By focusing on hierarchies that mean something to business people, a software architect can now discuss issues in the software system in terms of the business.

With the graph-based approach in Neo4j, you can easily add additional information about open bug tickets, static code analysis results, latest code changes – everything! Discussions about code quality don't start with general statements like

"Ohhh, we are doomed, because we have so much technical debt!"

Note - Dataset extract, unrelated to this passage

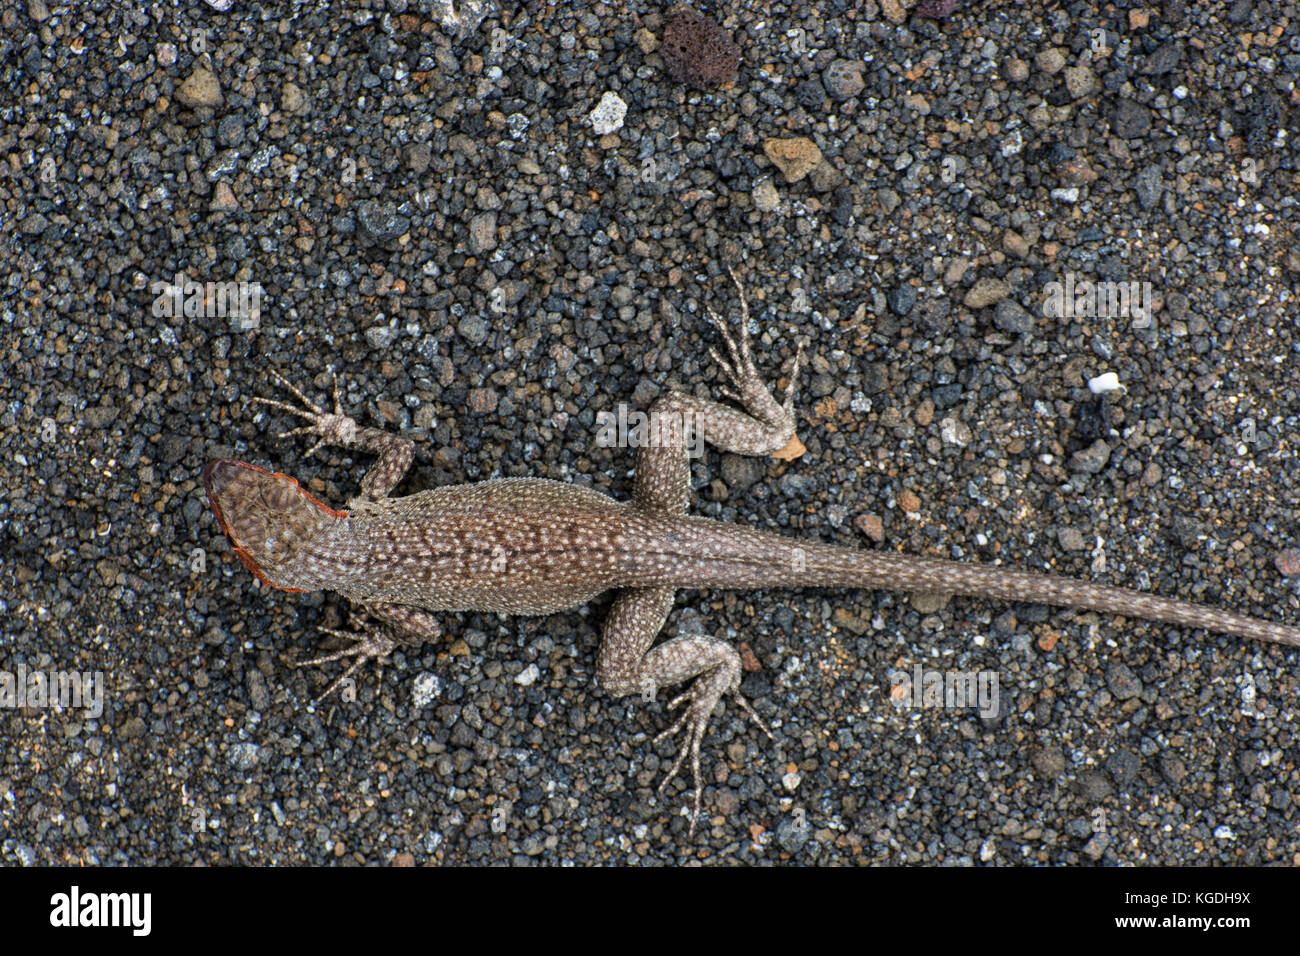 Ein lavastrom Lizard (Microlophus albemariensi) ist in seinen sandigen Umgebung getarnt, die Muster auf der Rückseite helfen, es sich harmonisch in die Umgebung ein. Stockfoto
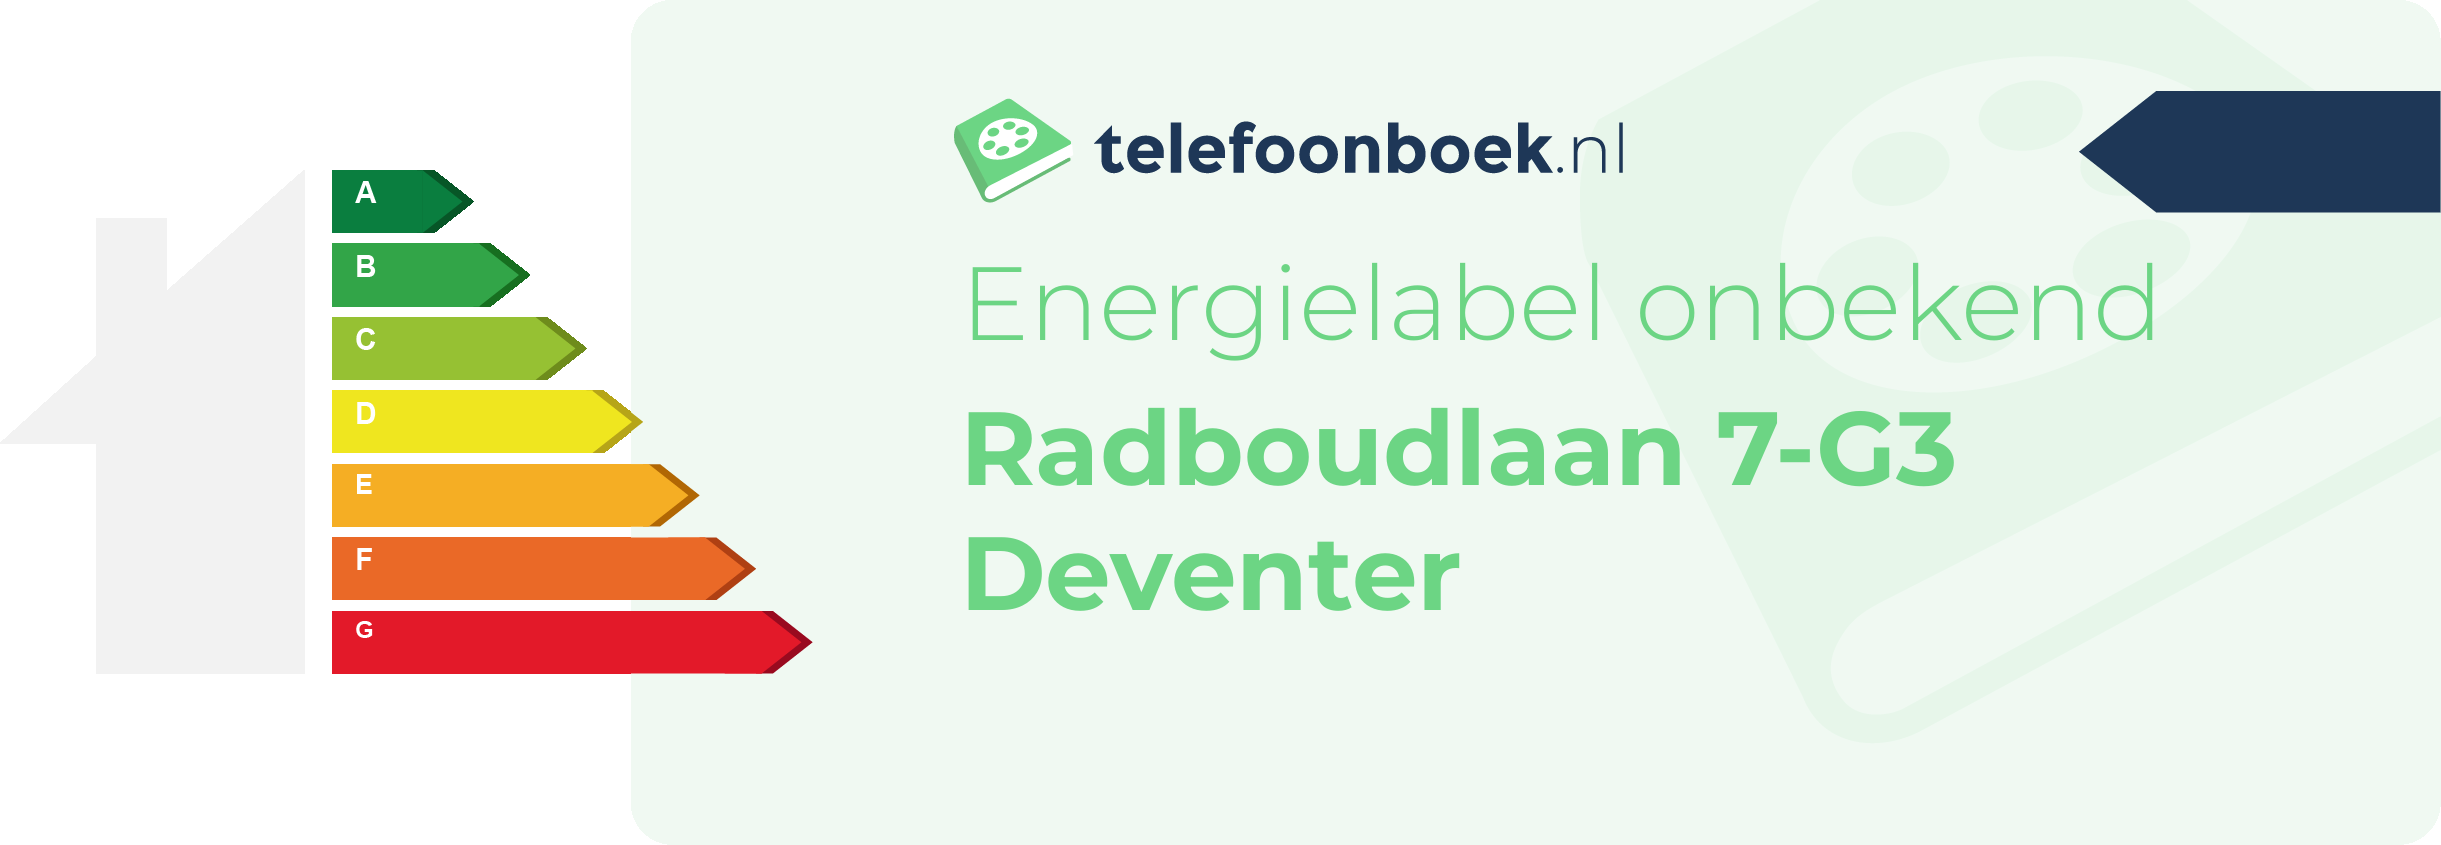 Energielabel Radboudlaan 7-G3 Deventer

or on a very detailed perspective like

"AbstractNotificationProxyServiceManager has a cyclomatic complexity of 144!"

but on the right level:

"If you plan to change the notification feature in the next sprint, be sure to add additional time for cleaning up the code base for this component."

where you can go deeper if needed e. g. with

"There are 4 open bugs and the code is more complex than it has to be. Ohh, and the main developer leaves the company in three weeks, so it should be a high priority user story in your backlog as well!"

I hope you can imagine the potential of higher-level abstractions of your source code. It's a very context-dependent approach that requires some customization because every business domain and thus software system is different. But that's exactly the reason why it is so powerful: It works in your context and it's tailored to your specific needs!

What do you think about it? Are there any barriers that are still in the way? What are your ideas to bring developers and business people together to talk about internal software quality on the same level?